Regarding Model architecture

as-ideas / TransformerTTS

🤖💬 Transformer TTS: Implementation of a non-autoregressive Transformer based neural network for text to speech.

https://as-ideas.github.io/TransformerTTS/

Other

1.13k stars 227 forks source link

Regarding Model architecture #59

Closed bkumardevan07 closed 4 years ago

bkumardevan07 commented 4 years ago

Hey, I am new to tts and transformers. I looked into your code and found that you are using mel finear to cmpute stop prob while in paper they have used decoder output for predicting stop prob. Can you explain me? Please coorect me if I am wrong. Basically i saw Postnet code and infering from there.

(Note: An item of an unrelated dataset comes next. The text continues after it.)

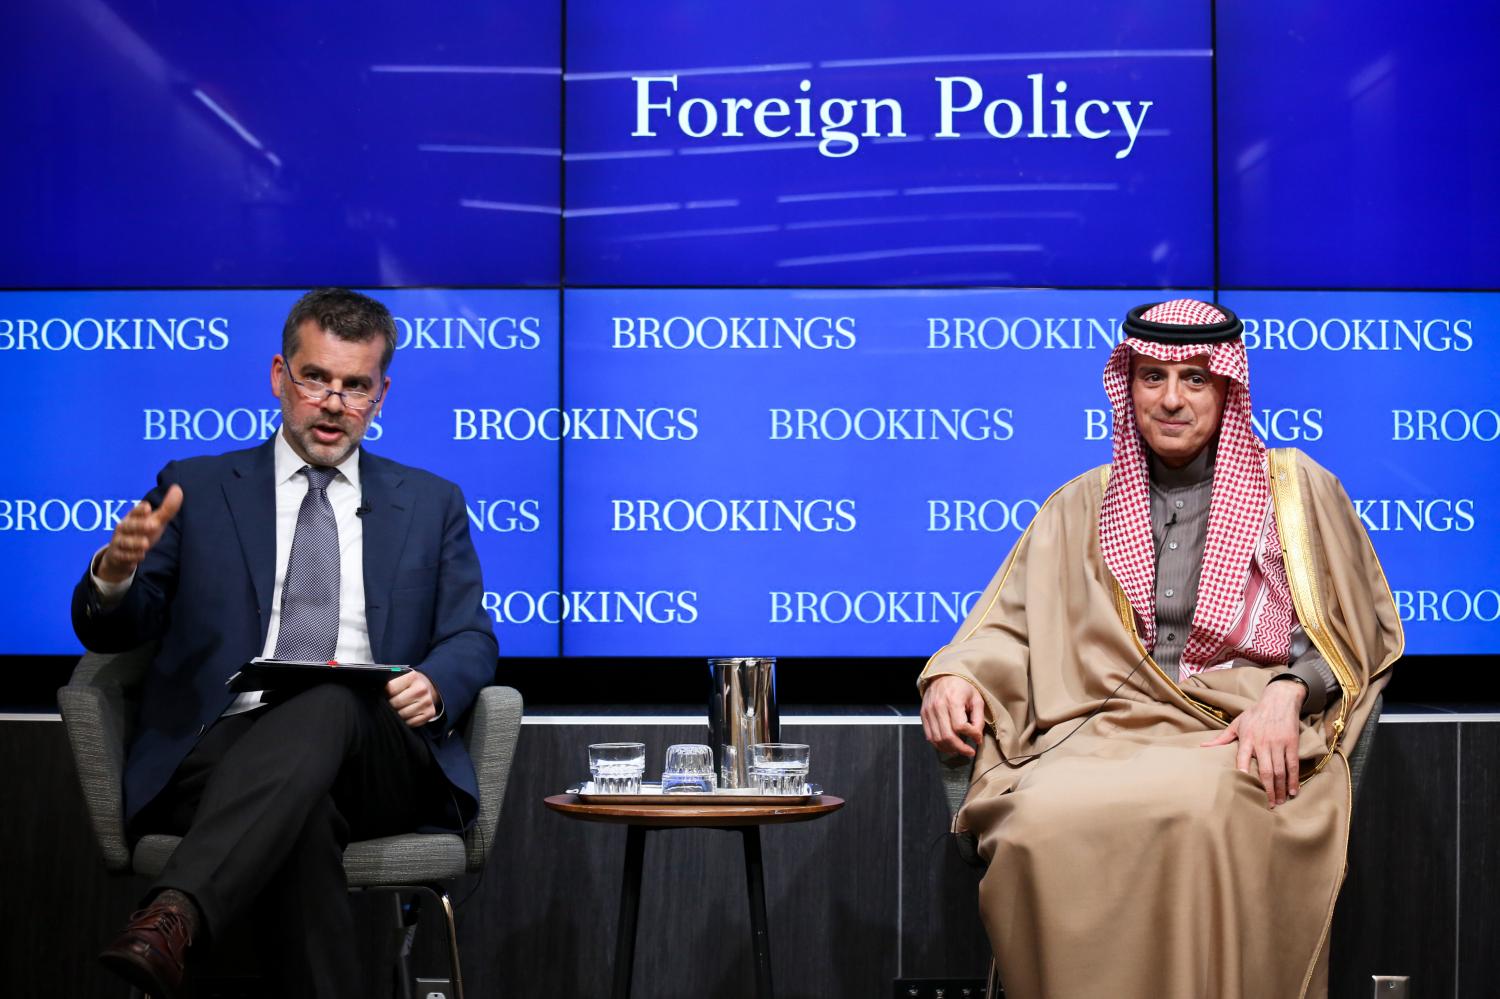 Washington, DC-2018-On March 22, Foreign Policy at Brookings will host the minister of foreign affairs of the Kingdom of Saudi Arabia, H.E. Adel Al-Jubeir, for an Alan and Jane Batkin International Leaders Forum. In his remarks, the foreign minister will provide perspectives on Saudi Arabias role as a regional leader for stability and reconstruction. He will also discuss the importance of maintaining key bilateral relationships to promote the restoration of security and stability in the Middle East.

cfrancesco commented 4 years ago

What paper are you looking at? Here they use mel linear for stop prob. https://arxiv.org/pdf/1809.08895.pdf

3.7 Mel Linear, Stop Linear and Post-net Same as Tacotron2, we use two different linear projectionsto predict the mel spectrogram and the stop token respec-tively, and use a 5-layer CNN to produce a residual to refinethe reconstruction of mel spectrogram

bkumardevan07 commented 4 years ago

From the model architecture in paper (in fig 3 ) you will see they are projecting decoder output to Mel linear and decoder output is projected to stop linear not the output of Mel linear.

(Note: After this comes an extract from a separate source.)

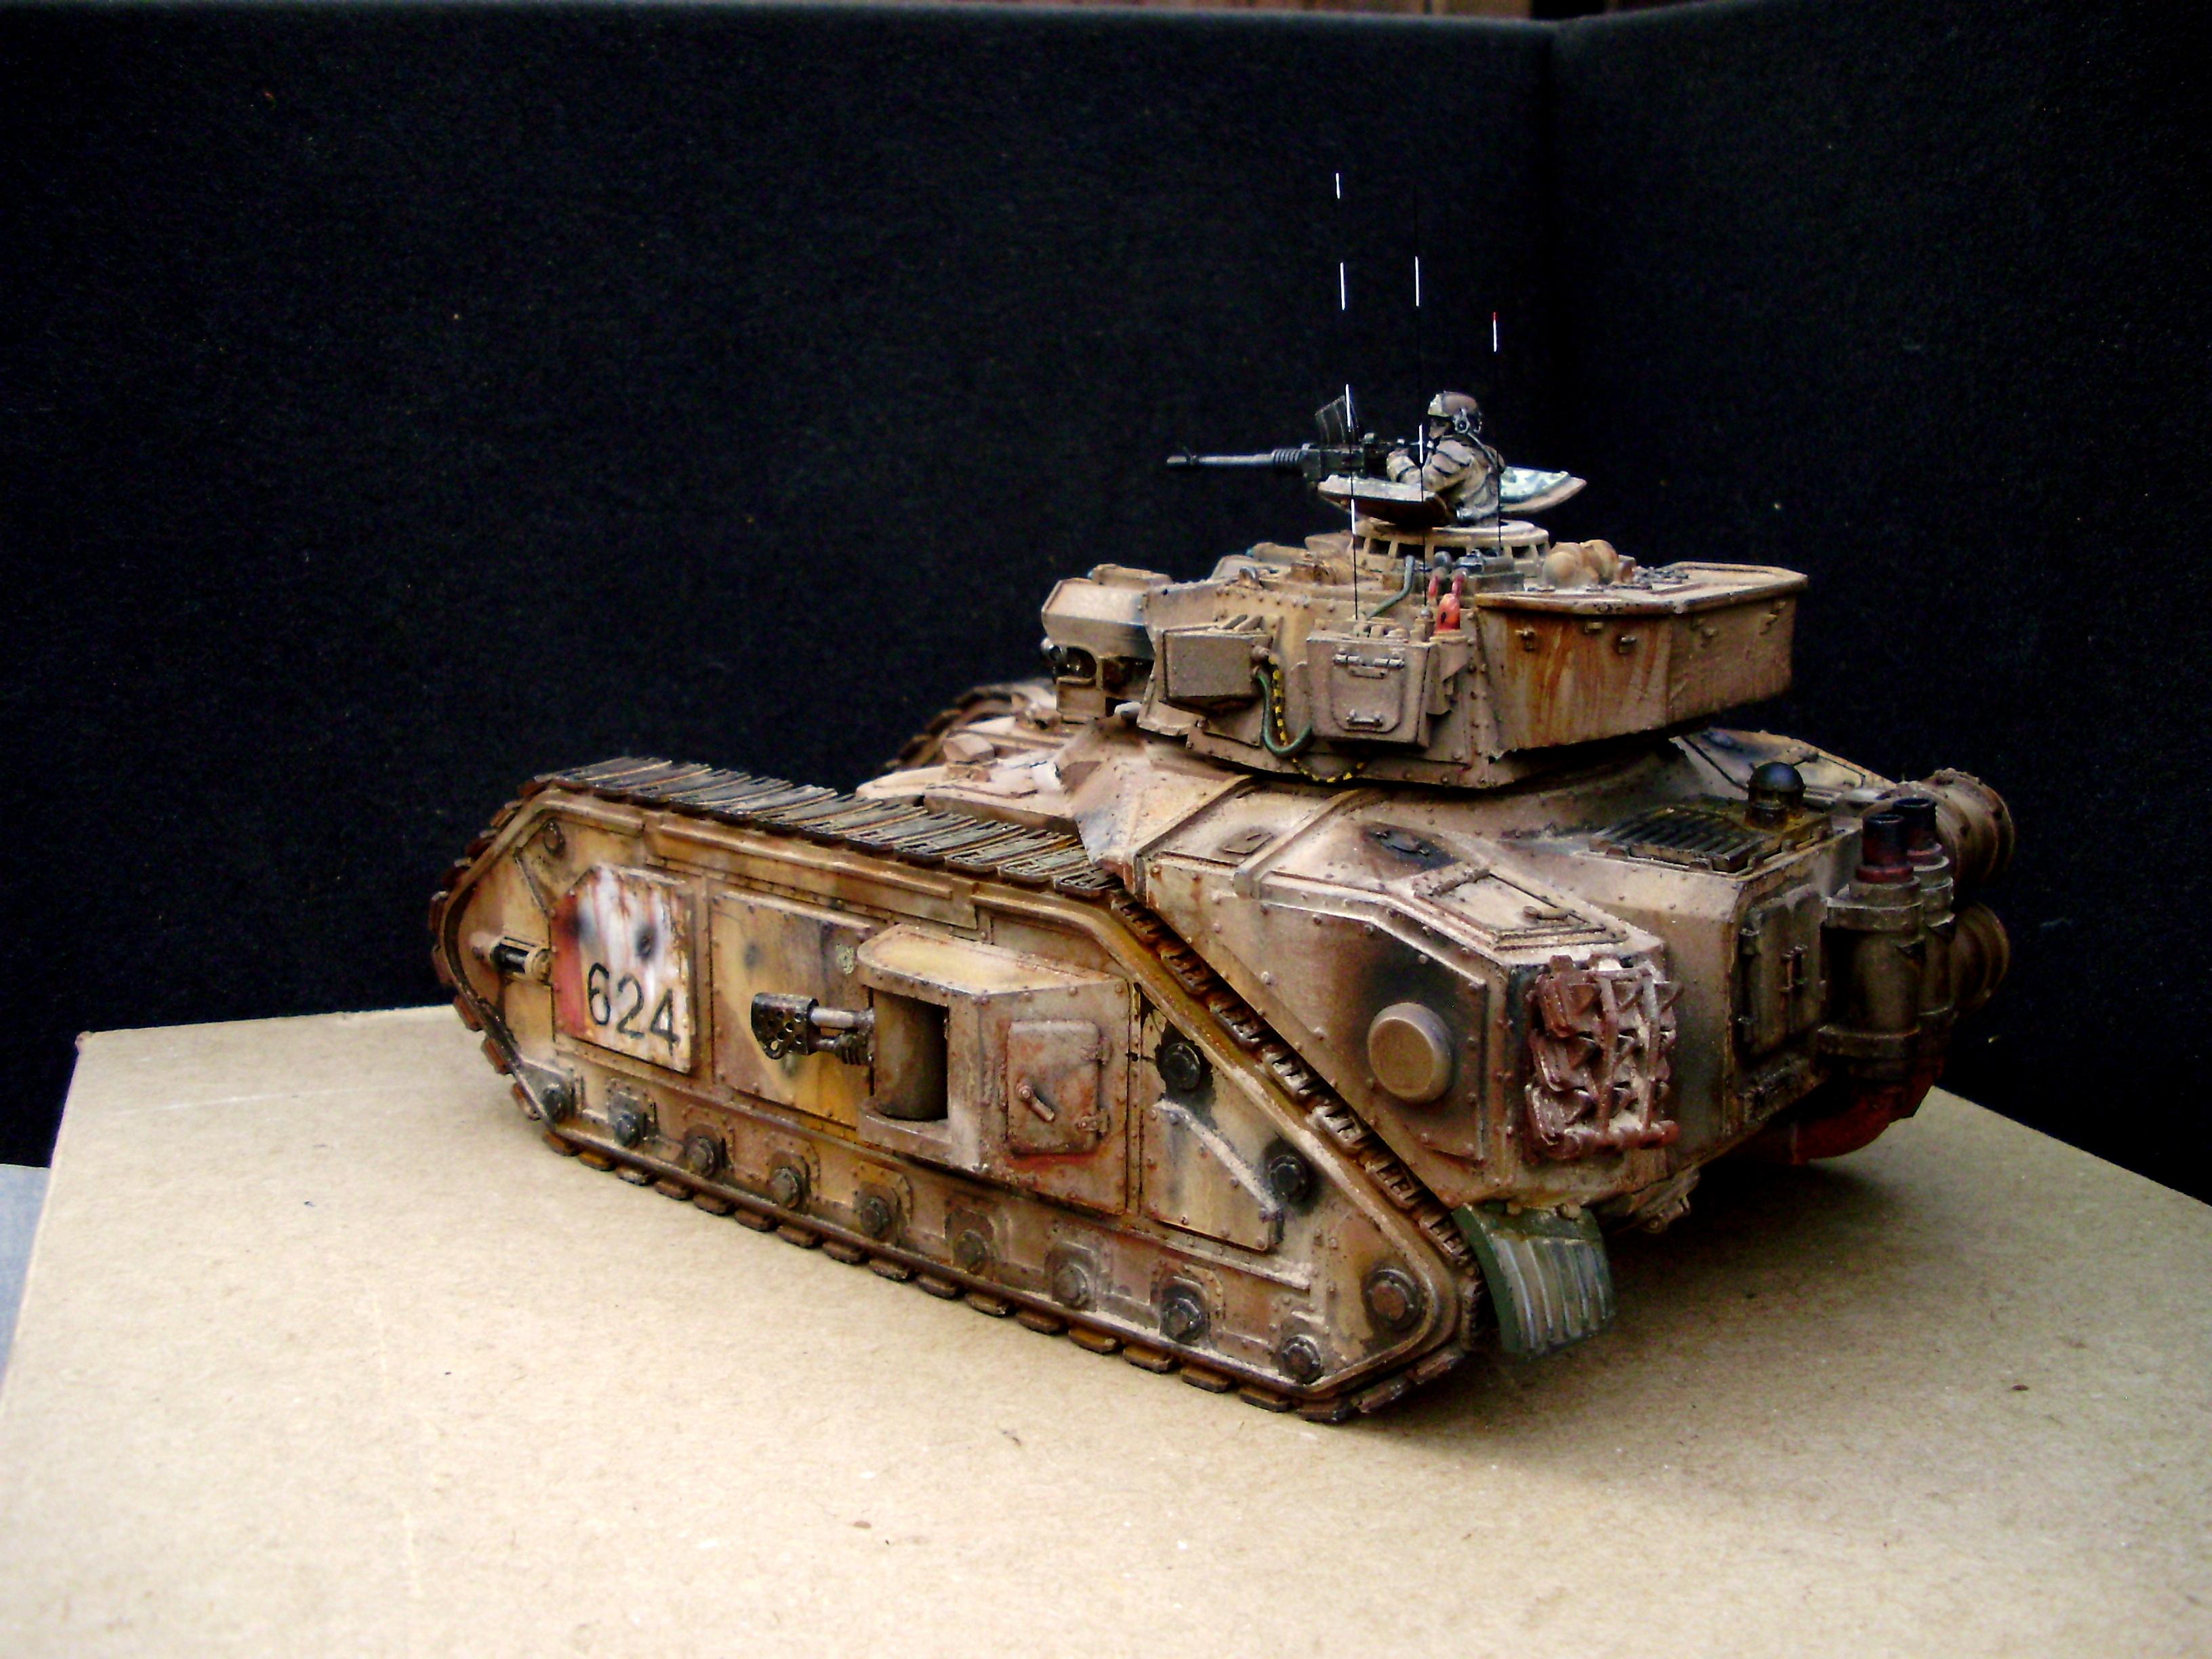 Death Korps of Krieg, Forge World, Imperial Guard, Imperial Guard Tanks, Krieg Macharius, Krieg Macharius Vulcan, Macharius, Macharius Vulcan, Tank

cfrancesco commented 4 years ago

Ah yes, you're right. The main difference here is that I use a time-wise reduction factor during training, so there is the need for an additional linear layer to project the decoder output to the original length, so I use that directly as linear mel. Replicating the paper a 100% would not be possible in this case, but one could add an additional linear layer after the projection to predict the linear mel and use the projection, as it is now, to predict the stop prob. I'm not sure this would make a difference but is for sure a discrepancy. Thanks for pointing it out!

bkumardevan07 commented 4 years ago

Thanks ...